Check out this video to learn more about telling cottonmouths apart from other water snakes:

Is a Cottonmouth and a Copperhead the Same Snake?

Another snake commonly confused with the cottonmouth is the copperhead. Perhaps this is because they have similar sounding names and tend to be found in many of the same regions.

They are both pit vipers, and as such, they are both venomous. However, cottonmouths and copperheads are two different kinds of snakes

Copperheads tend to be lighter in color than cottonmouths, and they have a distinctive dark brown hourglass pattern on their back. As the name suggests, they usually have a copper-colored head.

Like cottonmouth juveniles, young copperheads also have bright yellow tails that fade as they mature.

Copperheads are land-dwelling snakes; though they may be found living near water sources, they don’t spend a lot of time in the water.

Though copperheads are venomous, cottonmouths are considered to have the more dangerous venom. That said, if you are bit by either snake, you should get to the hospital immediately to receive proper medical treatment.


Cottonmouths and water snakes both live near the water and are both excellent swimmers; what’s more, they are both found throughout much of the U.S. southeast. Learning to tell these two snakes apart is important since cottonmouths are venomous and water snakes are not.

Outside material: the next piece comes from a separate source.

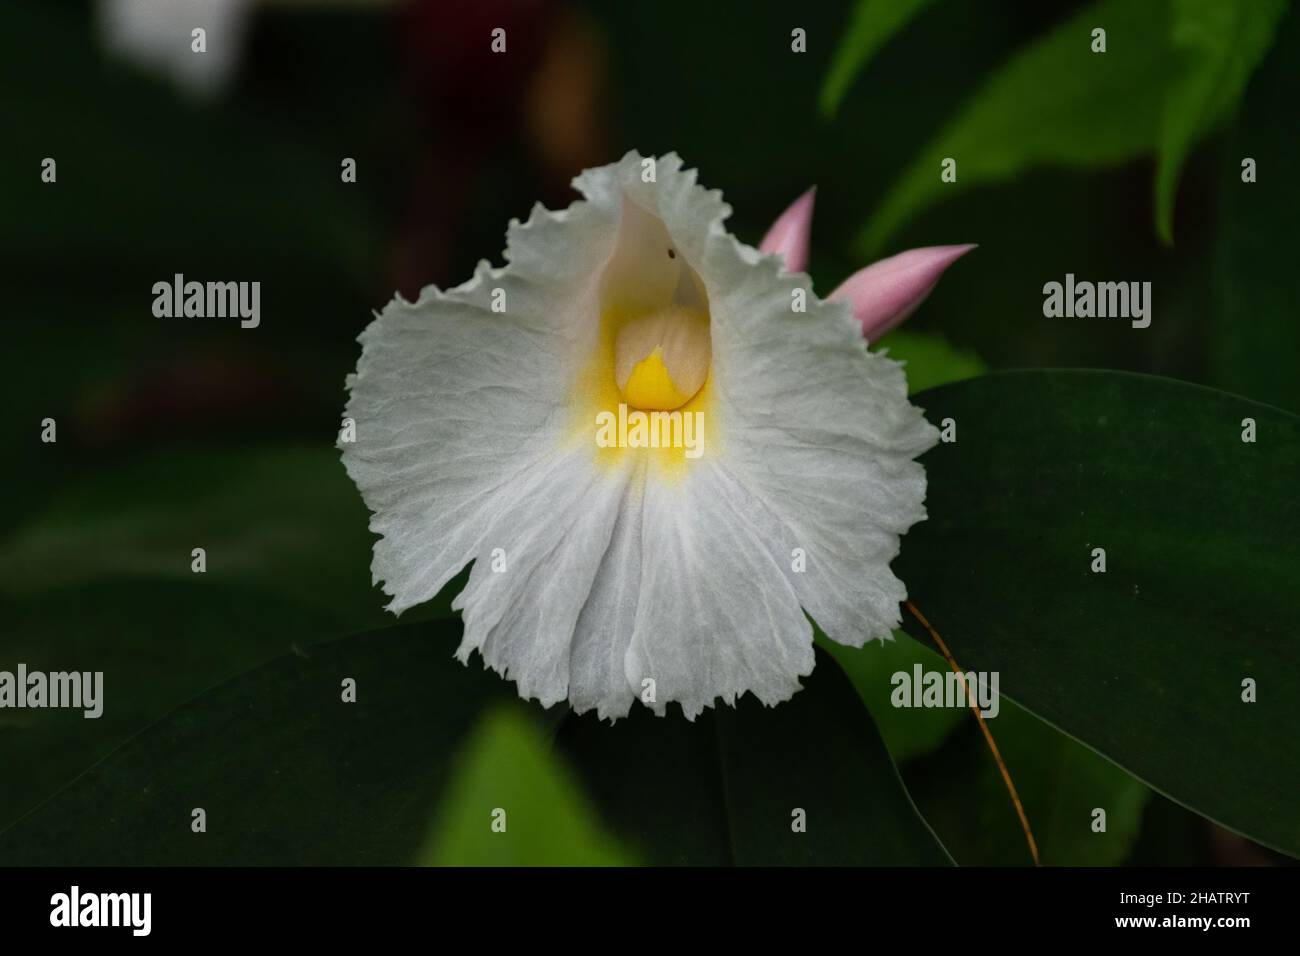 Nahaufnahme einer Blume des Wilden Ingwers (Costus speciosus) im Garten. Auch bekannt als Insulinpflanze und wird für medizinische Zwecke verwendet. Stockfoto

1 thought on “How To Tell A Cottonmouth From A Water Snake?”

  1. You’ve got this paragraph: “Cottonmouths come in different sizes depending on their species; some only grow a foot or two long, while others can grow up to 5 feet long. They are generally long, slender snakes with a ridge along their back.”

    I’m wondering if you’ve conflated the two snakes in this paragraph. Cottonmouths are NOT long and slender; they’re thick-bodied.